== WHAT IS REQUIRED ==
Each line from the beginning of the entries below through the line that includes "NOOM vs MyFitnessPal" must be returned exactly as given.

== Records contained in a dataset ==
__________________________________________________
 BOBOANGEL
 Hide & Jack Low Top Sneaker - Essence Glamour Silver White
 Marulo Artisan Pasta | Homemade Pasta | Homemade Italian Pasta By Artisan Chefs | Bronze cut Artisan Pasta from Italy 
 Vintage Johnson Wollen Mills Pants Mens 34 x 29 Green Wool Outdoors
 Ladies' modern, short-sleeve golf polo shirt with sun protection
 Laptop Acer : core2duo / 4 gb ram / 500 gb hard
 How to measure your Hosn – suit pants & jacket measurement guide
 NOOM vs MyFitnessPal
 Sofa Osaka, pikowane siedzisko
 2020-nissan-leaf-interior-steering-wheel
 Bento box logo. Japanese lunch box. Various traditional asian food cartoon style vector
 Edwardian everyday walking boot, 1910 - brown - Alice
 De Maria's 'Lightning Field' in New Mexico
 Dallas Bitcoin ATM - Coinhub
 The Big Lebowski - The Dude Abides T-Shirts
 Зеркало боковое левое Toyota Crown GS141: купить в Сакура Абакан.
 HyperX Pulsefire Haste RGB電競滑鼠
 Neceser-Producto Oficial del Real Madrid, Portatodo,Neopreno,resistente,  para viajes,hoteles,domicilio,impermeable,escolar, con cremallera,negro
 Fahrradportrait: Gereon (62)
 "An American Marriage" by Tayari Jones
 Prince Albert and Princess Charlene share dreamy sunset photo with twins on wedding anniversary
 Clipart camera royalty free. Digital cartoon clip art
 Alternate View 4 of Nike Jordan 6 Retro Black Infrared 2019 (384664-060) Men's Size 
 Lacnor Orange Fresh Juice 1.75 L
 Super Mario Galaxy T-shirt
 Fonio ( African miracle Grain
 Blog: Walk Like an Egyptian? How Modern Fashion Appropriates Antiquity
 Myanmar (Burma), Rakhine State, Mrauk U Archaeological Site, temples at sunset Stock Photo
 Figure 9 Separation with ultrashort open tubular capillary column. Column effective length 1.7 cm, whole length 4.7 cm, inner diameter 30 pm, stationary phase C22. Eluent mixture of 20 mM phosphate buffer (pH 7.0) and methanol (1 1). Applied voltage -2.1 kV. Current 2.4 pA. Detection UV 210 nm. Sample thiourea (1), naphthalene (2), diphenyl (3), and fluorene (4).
__________________________________________________
== RESPONSE BELOW ==
 BOBOANGEL
 Hide & Jack Low Top Sneaker - Essence Glamour Silver White
 Marulo Artisan Pasta | Homemade Pasta | Homemade Italian Pasta By Artisan Chefs | Bronze cut Artisan Pasta from Italy 
 Vintage Johnson Wollen Mills Pants Mens 34 x 29 Green Wool Outdoors
 Ladies' modern, short-sleeve golf polo shirt with sun protection
 Laptop Acer : core2duo / 4 gb ram / 500 gb hard
 How to measure your Hosn – suit pants & jacket measurement guide
 NOOM vs MyFitnessPal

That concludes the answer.